Interesting, as I sit here and load magazines.


----------



## KUSA (Apr 21, 2016)

I would love to see them try to siege the Whitehouse. They would be cut in half by weapons that Satan himself would be proud of.


----------



## OrganikRoots (Nov 2, 2020)

Holy crap!
That video has more nuts than a Planters peanut factory...


----------



## BajaSurvival (Oct 31, 2020)

She says information was shared with law enforcement.

I'd be very curious to know how much, if any, of that information was somehow helpful to law enforcement. I can't imagine that the FBI needed their help.

Also, are these affinity groups pleased that this information is now out there? I'm guessing there are at least a few people in those videos who thought this was fun and games and now they're on FBI/NSA lists.


----------



## Sasquatch (Dec 12, 2014)

They should look up the definition of and the punishment for treason.

I'd say a few airships over the WH making strafing runs would do the trick.

Sent from my SM-G950U using Tapatalk


----------



## Robie (Jun 2, 2016)

I doubt the White House snipers use rubber bullets.


----------



## ND_ponyexpress_ (Mar 20, 2016)




----------



## Old SF Guy (Dec 15, 2013)

People who dont know about violence plan actions...and then learn that those with experience in violence are more prepared..... its easy to think you can play war....its harder when you play war with people who have waged war for decades.


----------



## Old SF Guy (Dec 15, 2013)

i dont plan to fight the players...i plan to fight the planners.... its hard to lead when you are targeted.


----------



## Slippy (Nov 14, 2013)

Like Mike Tyson said; Everybody got a plan until the baddest man on the planet punches you in the face...


----------



## Old SF Guy (Dec 15, 2013)

it is like chess...you either go out and battle pawns....or you slay bishops and queens.... I like the simplicity of checkers....but I also know strategy of war...so fear not.... we are not at check mate...and even when we are....we can over turn the board.


----------



## ActionJackson (Sep 4, 2020)

Apparently, the Marxist's "soft coup" has been successful with the naming of Biden as the new President. The Communists literally stole this election right before our eyes and nobody in D.C. did a damned thing to stop it. If the courts and the "Justice" Department don't turn this around then Americans (especially Conservative Christians) will be major targets of retaliation. In other words ... we're screwed!!!


----------



## ActionJackson (Sep 4, 2020)

Old SF Guy said:


> it is like chess...you either go out and battle pawns....or you slay bishops and queens.... I like the simplicity of checkers....but I also know strategy of war...so fear not.... we are not at check mate...and even when we are....we can over turn the board.
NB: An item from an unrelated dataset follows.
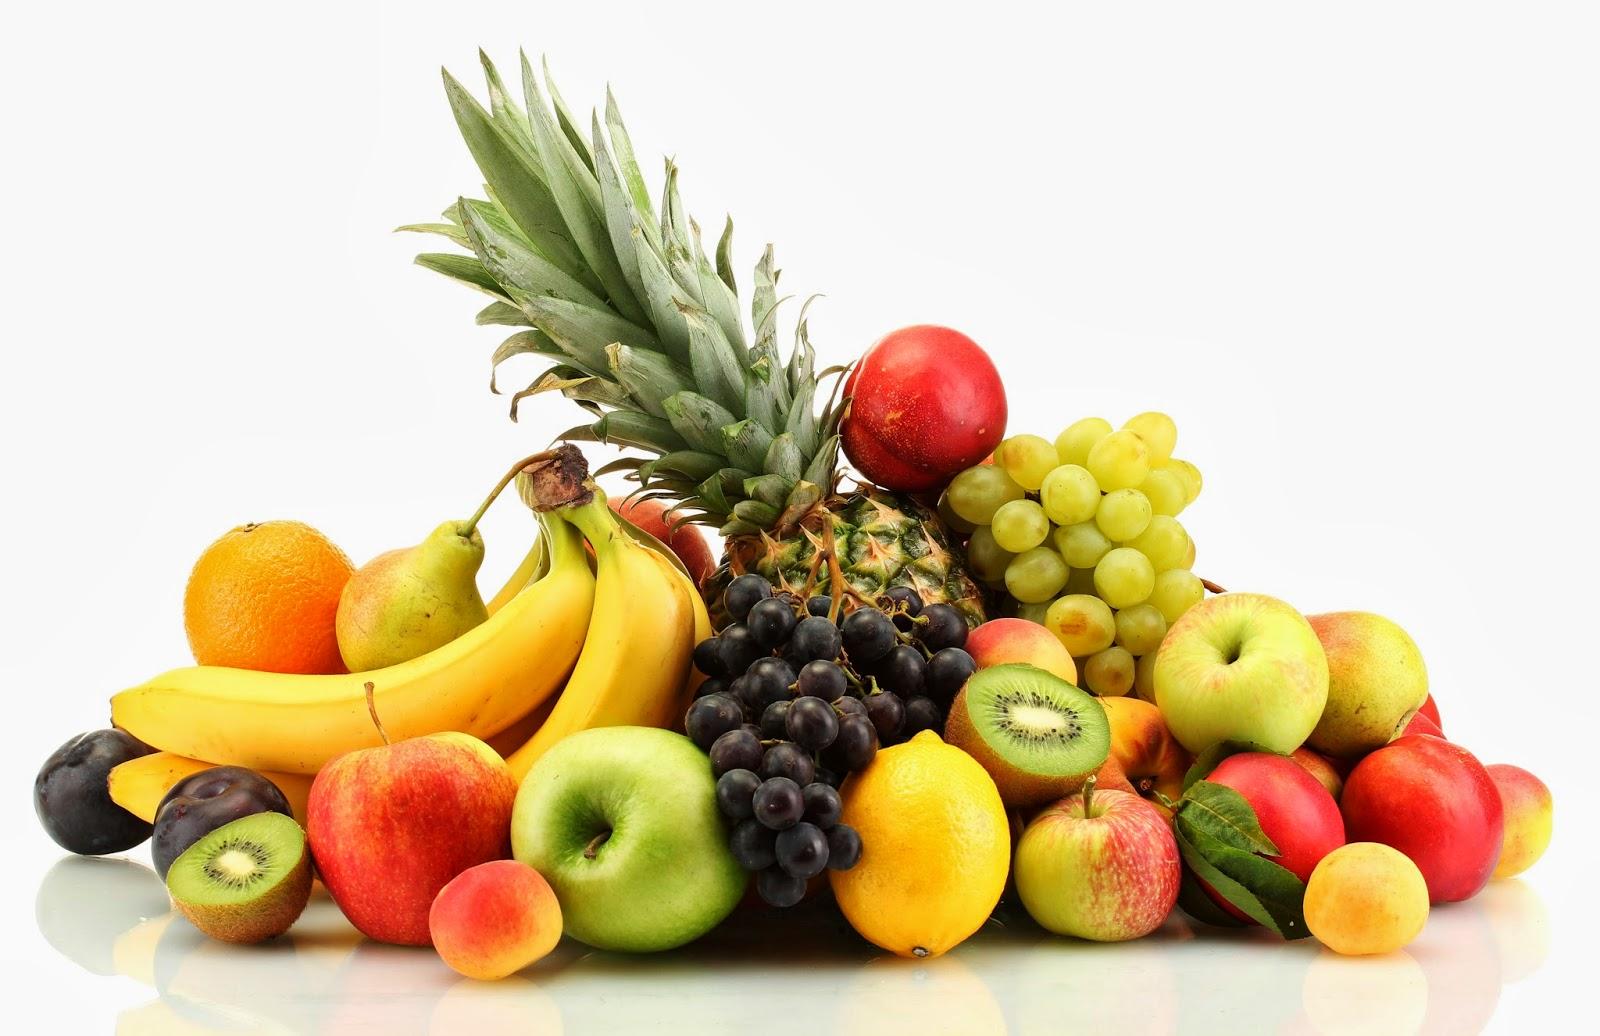 Kuisioner pola makan sehat

I appreciate your positive attitude. It's easy for me to get "bummed out" and infuriated towards recent/current events but we can't give up hope. While the Marxist Democrats have Satan backing them -- freedom-loving, faithful American have God on our side. Ultimately, God wins the war(s).


----------



## Chiefster23 (Feb 5, 2016)

Go to modernsurvival and read the article about the voting machines and software used in the battleground states.
https://modernsurvivalblog.com/preps/defective-dominion-computer-system-tallying-votes-in-30-states/

This company, Dominion, has reported ties to Pelosi. Imagine that! :vs_shocked:


----------



## rstanek (Nov 9, 2012)

With all the criminal activity in the last four to six years, Hillary,( Benghazi, email, Russian,), Epstein, Hunter, I’m sure I’m missing some, tell me, how many arrests have been made? This should give some insight on how this corrupt election will be handled. Our Republic is being dismantled and the very people we put in charge of protecting it are betraying us , so now what?


----------



## Chiefster23 (Feb 5, 2016)

Any investigation of criminal fraud will be done by the FBI. And we all know how that will turn out.


----------



## ActionJackson (Sep 4, 2020)

Chiefster23 said:


> Go to modernsurvival and read the article about the voting machines and software used in the battleground states.
> https://modernsurvivalblog.com/preps/defective-dominion-computer-system-tallying-votes-in-30-states/
> 
> This company, Dominion, has reported ties to Pelosi. Imagine that! :vs_shocked:


Yes. I heard from Sebastian Gorka's YouTube channel that Pelosi's ex-chief-of-staff either runs the show or is in upper management and that Dianne Feinstein's husband is a major stock-holder in the company. How do you spell B-I-A-S?


----------



## Mad Trapper (Feb 12, 2014)

RNC seems to be in on this one too. They are just letting the fraud happen and sit around with their thumbs up their butts.

The RINOs at RNC never liked Trump as he rocked their boat and wanted to change things.


----------



## ActionJackson (Sep 4, 2020)

Mad Trapper said:


> RNC seems to be in on this one too. They are just letting the fraud happen and sit around with their thumbs up their butts.
> 
> The RINOs at RNC never liked Trump as he rocked their boat and wanted to change things.


Soros and/or foreign interests have the Communist Dems and the Globalist RINOs in their hip pocket.


----------